=== What is expected ===
Would you return, word for word, the lines running from the one with "a close-up of a green grass" to the final line of the listing below, pictures omitted?

=== Information supplied ===
____________________
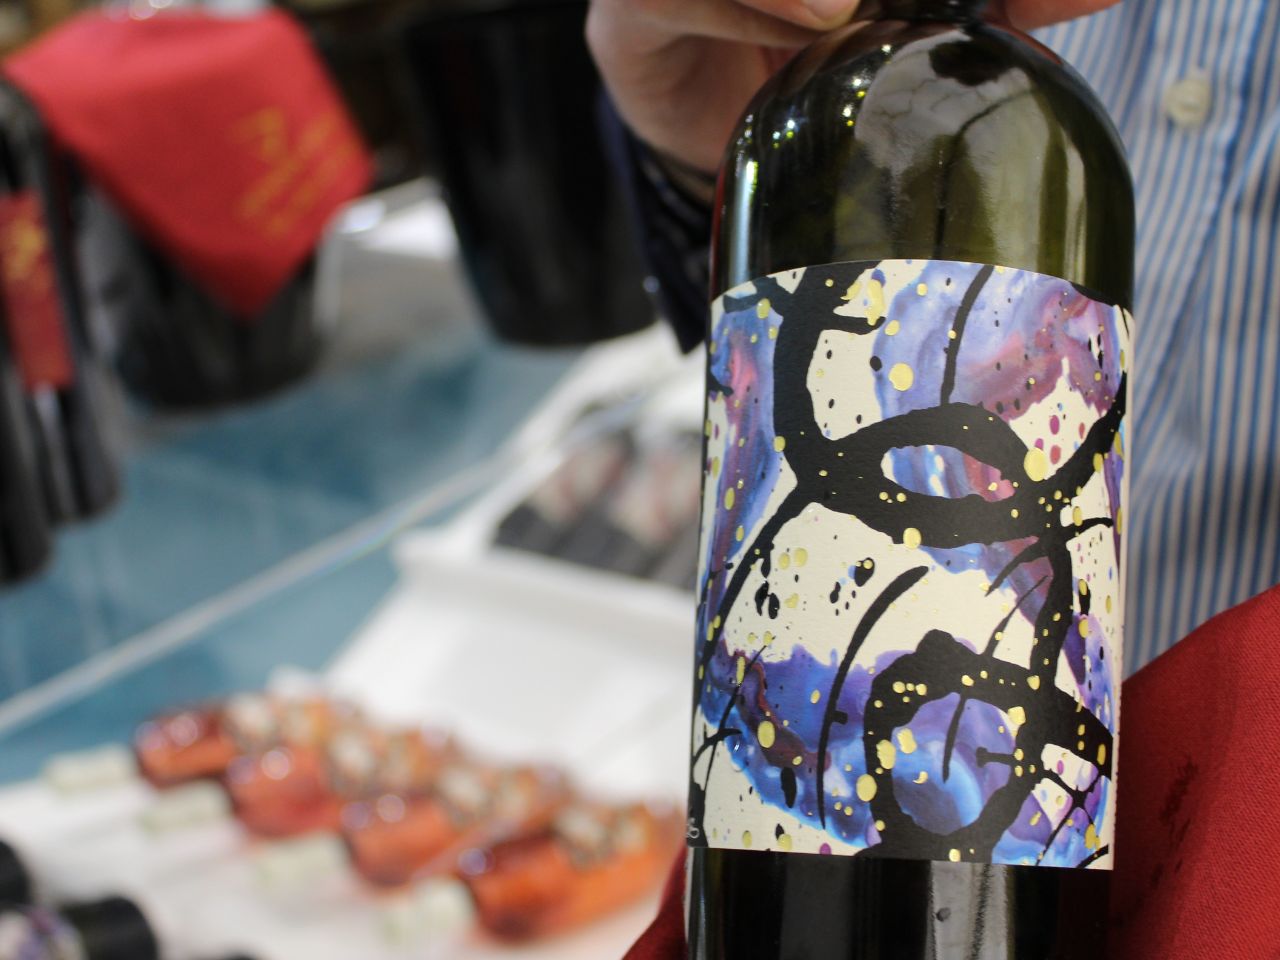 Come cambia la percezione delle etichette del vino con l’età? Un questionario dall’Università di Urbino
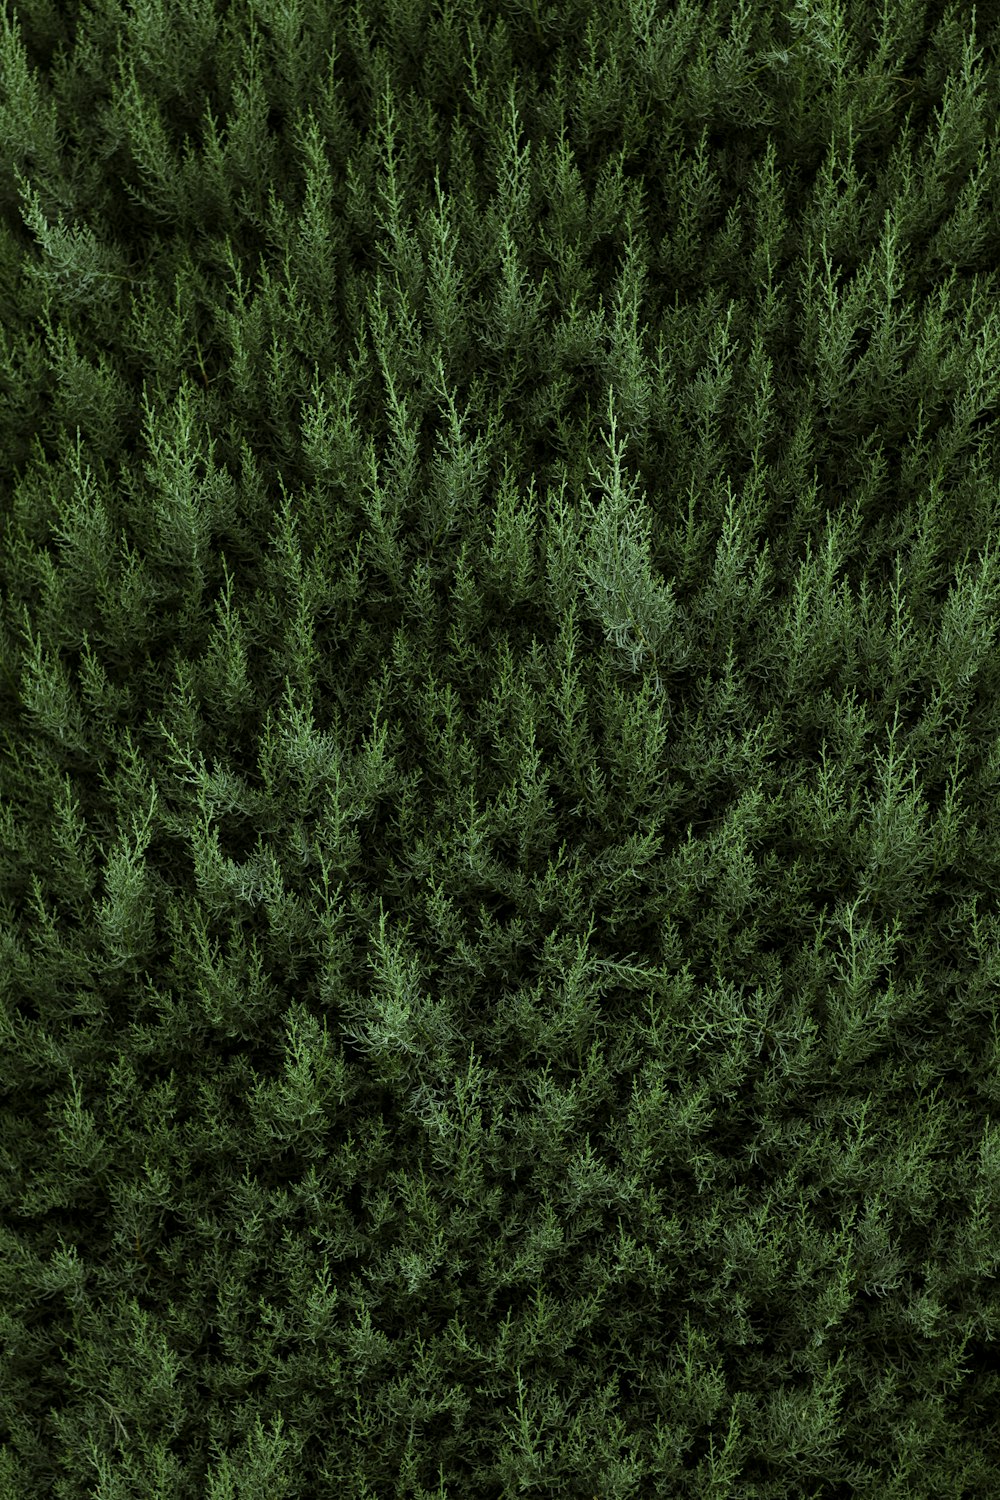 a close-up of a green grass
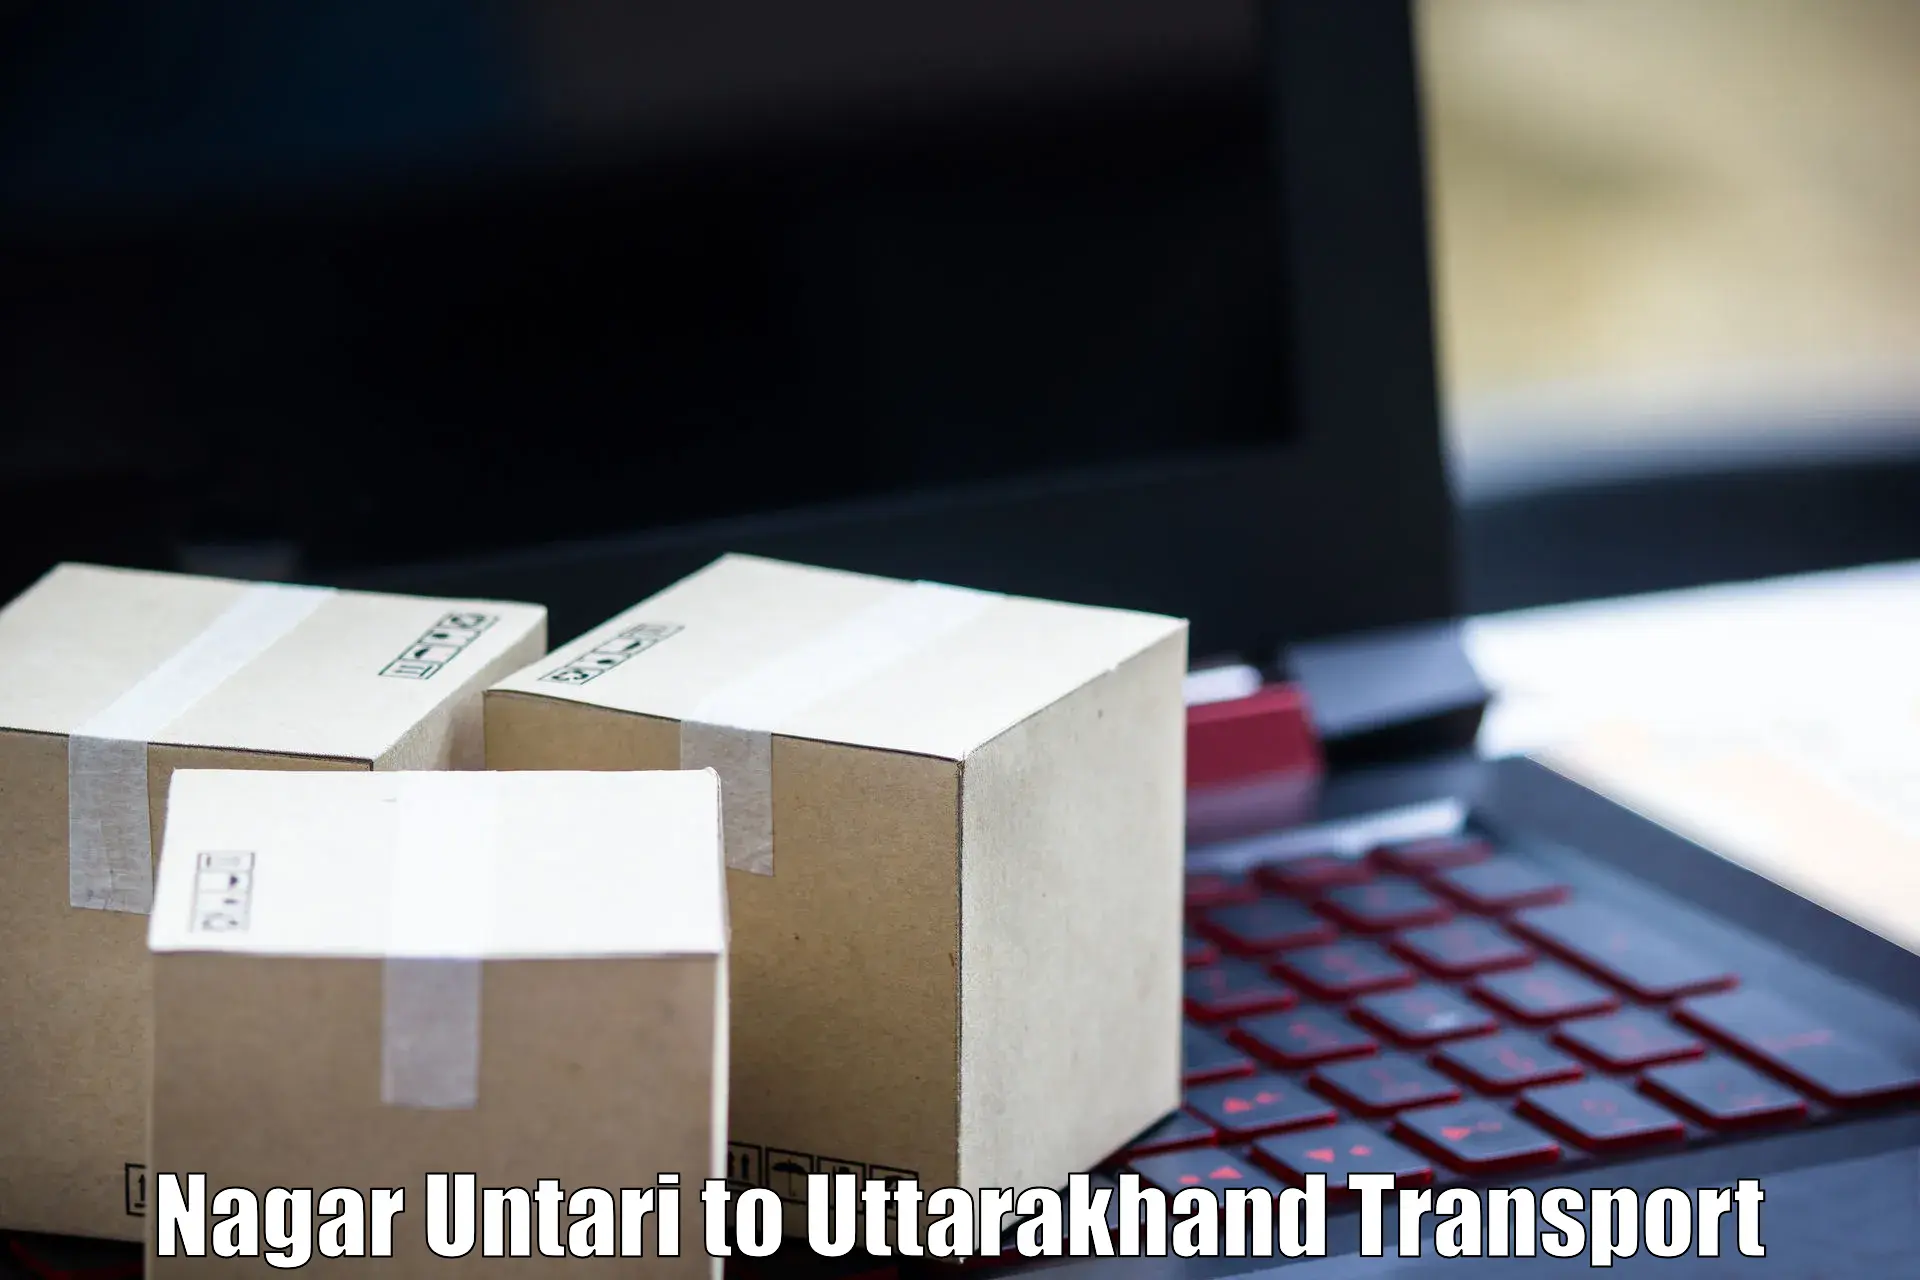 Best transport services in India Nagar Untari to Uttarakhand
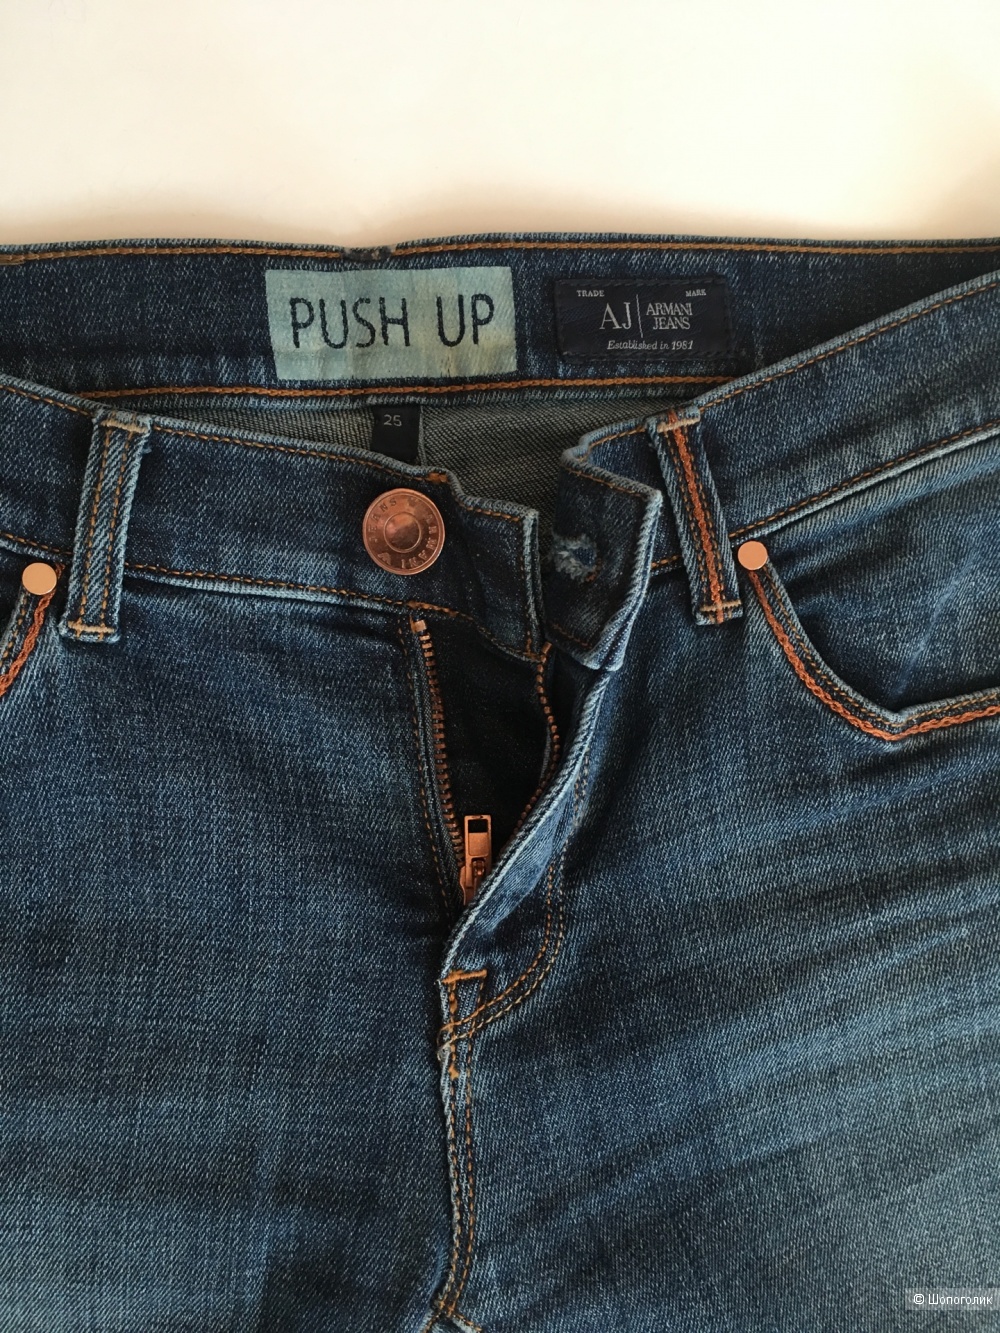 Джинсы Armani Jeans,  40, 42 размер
____________________
=== Result for this task ===
 a close-up of a green grass
 Best transport services in India Nagar Untari to Uttarakhand
 Джинсы Armani Jeans,  40, 42 размер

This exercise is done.